Understanding the data you’re working with is crucial to really understanding the challenge you’re tackling. In this case, I was working with data that was extremely diverse; some were character models, some were vehicles, some didn’t have textures, some had an extremely high amount of vertices, etc. It wouldn’t make sense to hire an army of people to segment parts of the 3D models since doing this in 3D is way more complicated than just drawing lines, as well as the vast amount of variation in the segments would contribute to many different interpretations of what is a segment. Ideally, we’d like to train a machine learning model on this data and then be able to identify and segment parts of a given model, like a hand or a wheel.

Around the time I became an intern at Hypothetic, Meta had recently released their Segment Anything Model (SAM), built to take any image and create segments automatically! This was a game changer! When given a point in the image, SAM would output a mask that overlaps that part of the image, highlighting the intended object or part. SAM was reasonably very good at this. We came up with the idea of using SAM to create these masks from images of a 3D model and project them back onto the model as a way of doing segmentation.

Test model

Untitled

Although the results were mostly good, the accuracy wasn’t high enough for a person to use without spending considerable time fixing the prediction. Occluded geometry was also an issue and would require a novel algorithm to capture every surface. We investigated using a fine-tuned, i.e. specialized, version of SAM called SAMHQ. It was meant to produce cleaner segments, and although the segments were better, the accuracy still was not good enough. The most likely issue is that SAM and SAMHQ are trained on datasets containing photographs and real images, whereas our data was all virtual 3D models. It’s too bad this approach didn’t work out since SAM has a really nice feature where it can output an image with all the non-overlapping segments composed on it. Ideally, we’d use this to solve the issue of human subjectivity and consistency, but the results weren’t of high enough quality to be usable.

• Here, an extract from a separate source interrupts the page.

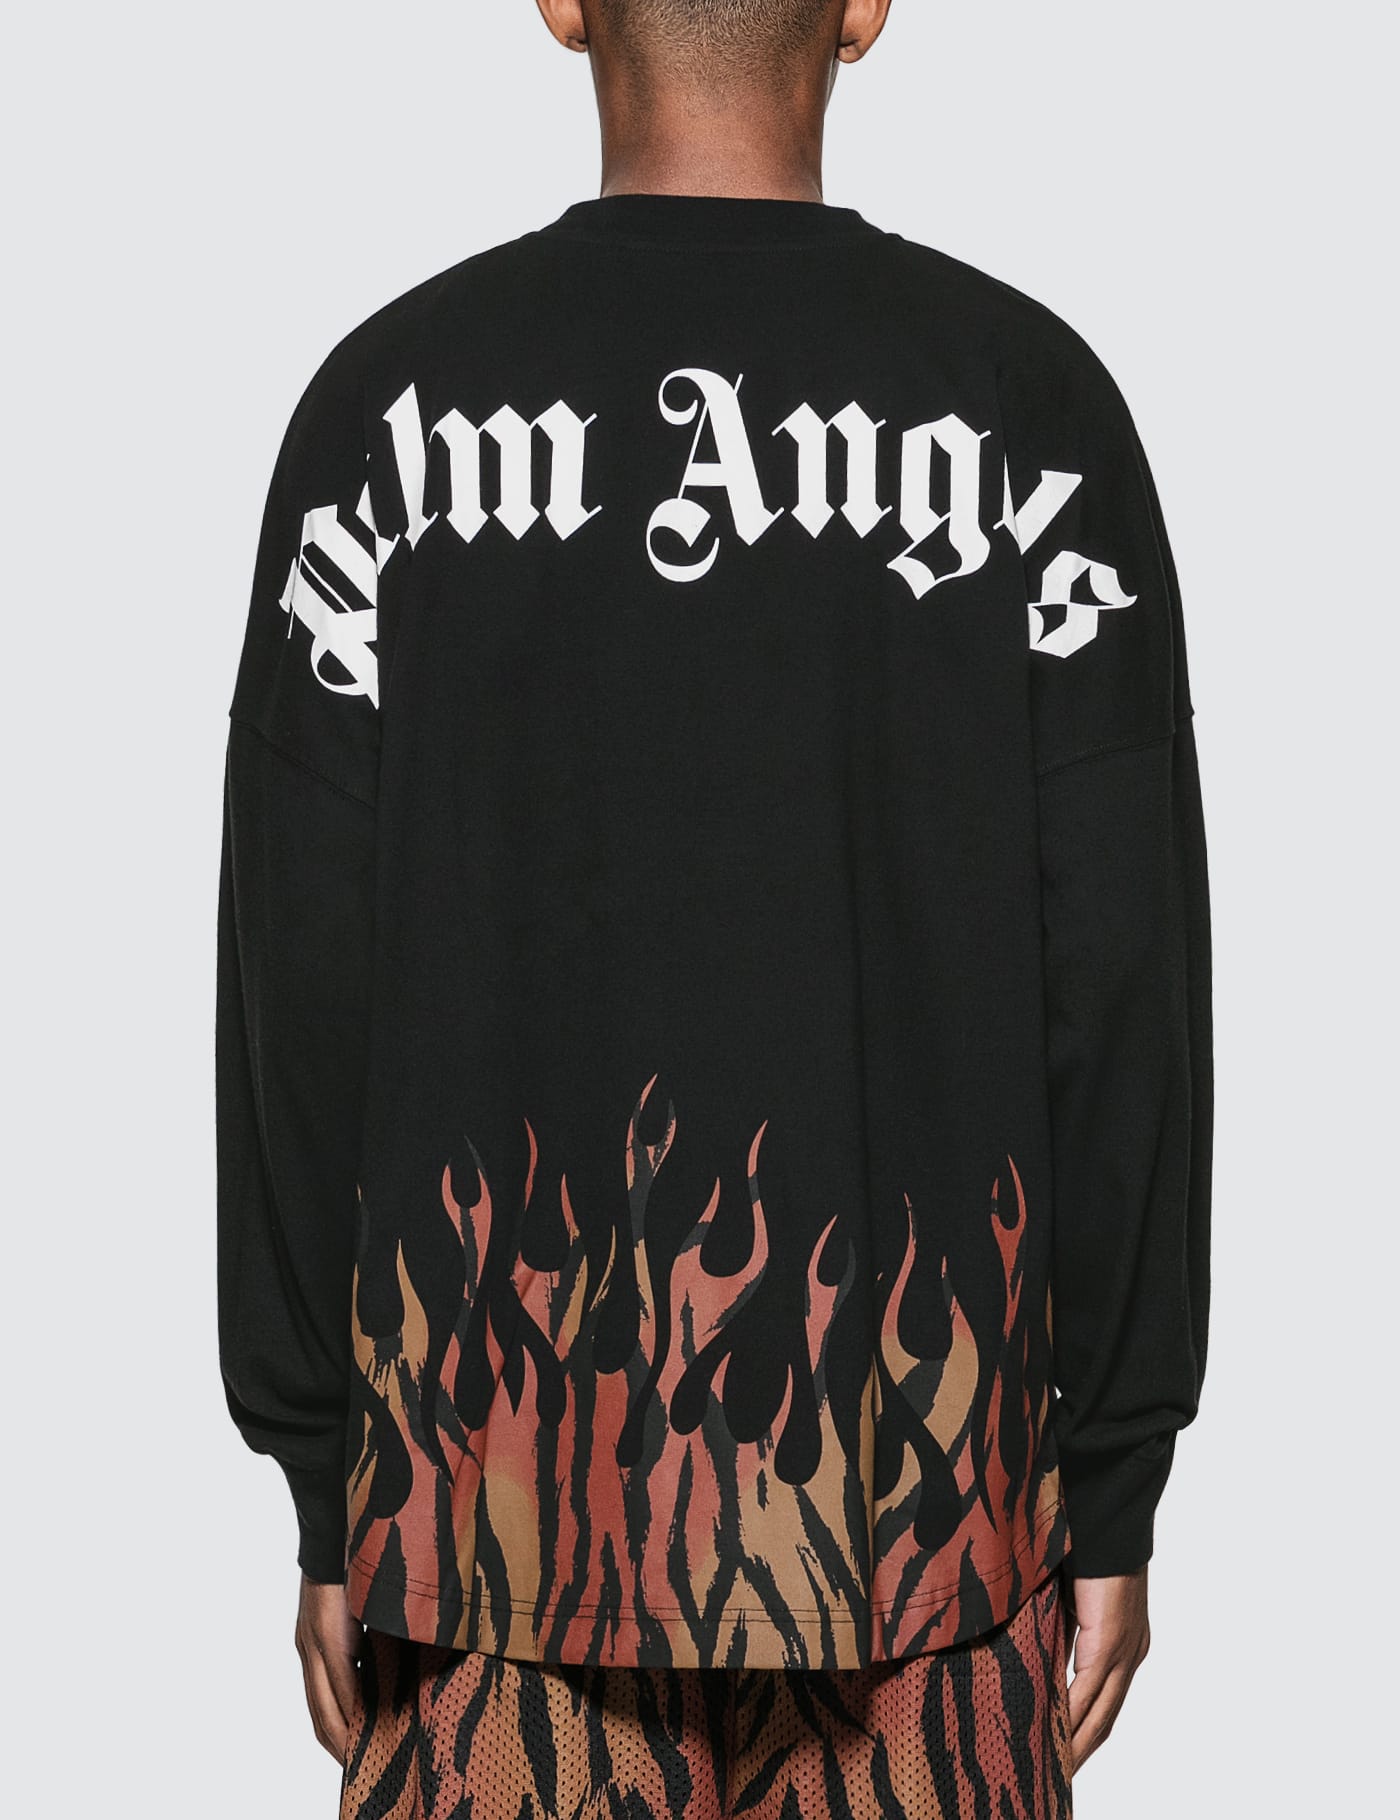 Palm Angels - Tiger Flames Logo Over Long Sleeve T-Shirt | HBX

The results of asking the model for all detectable segments in the image.

Unfortunately, the results were inconsistent and didn’t detect everything.

UV Maps to Treasure Island

The anatomy of a 3D model includes data for the vertices, how the vertices connect and form a face, how the faces connect to form a mesh, and finally a texture image to determine how the surface of the mesh is colored. Of course, this is a simplified breakdown, but it highlights the important parts I want to talk about. After a 3D artist has built their model’s mesh, they paint it. The faces of the model are colored in and need to be projected onto a 2D image to as part of the artist’s workflow. The projection is a manual process called “UV unwrapping” where the artist selects a collection of connected faces, flattens them out, and assigns this “island” a section on the 2D “texture” image. The result is a 2D image depicting many instances of what we call “UV islands”. We use these UV islands as segments of the 3D model! If you’re wondering what UV stands for , they just symbolize the horizontal and vertical axis respectively, like X and Y on a graph.

Texture image for a model

Faces projected back onto the image to create UV islands

Assigning a part of the mesh a UV coordinate essentially means to map part of the texture image to that part of the mesh. By identifying these UV islands in the texture image, we can assign each of them a unique color and then project them back onto the mesh to produce a segmented model!

Untitled

We now have data we can use to train our machine learning model! A treasure indeed!

Head in the Clouds

A machine learning model is trained by taking data as input and then producing output. Typically, this data needs to adhere to a standardized structure. Images are easy; crop and scale your image so that it fits a 256x256 image and then feed it to the model. For 3D models, we have to convert it to a point cloud. A point cloud represents the 3D model in the form of a collection of points in space.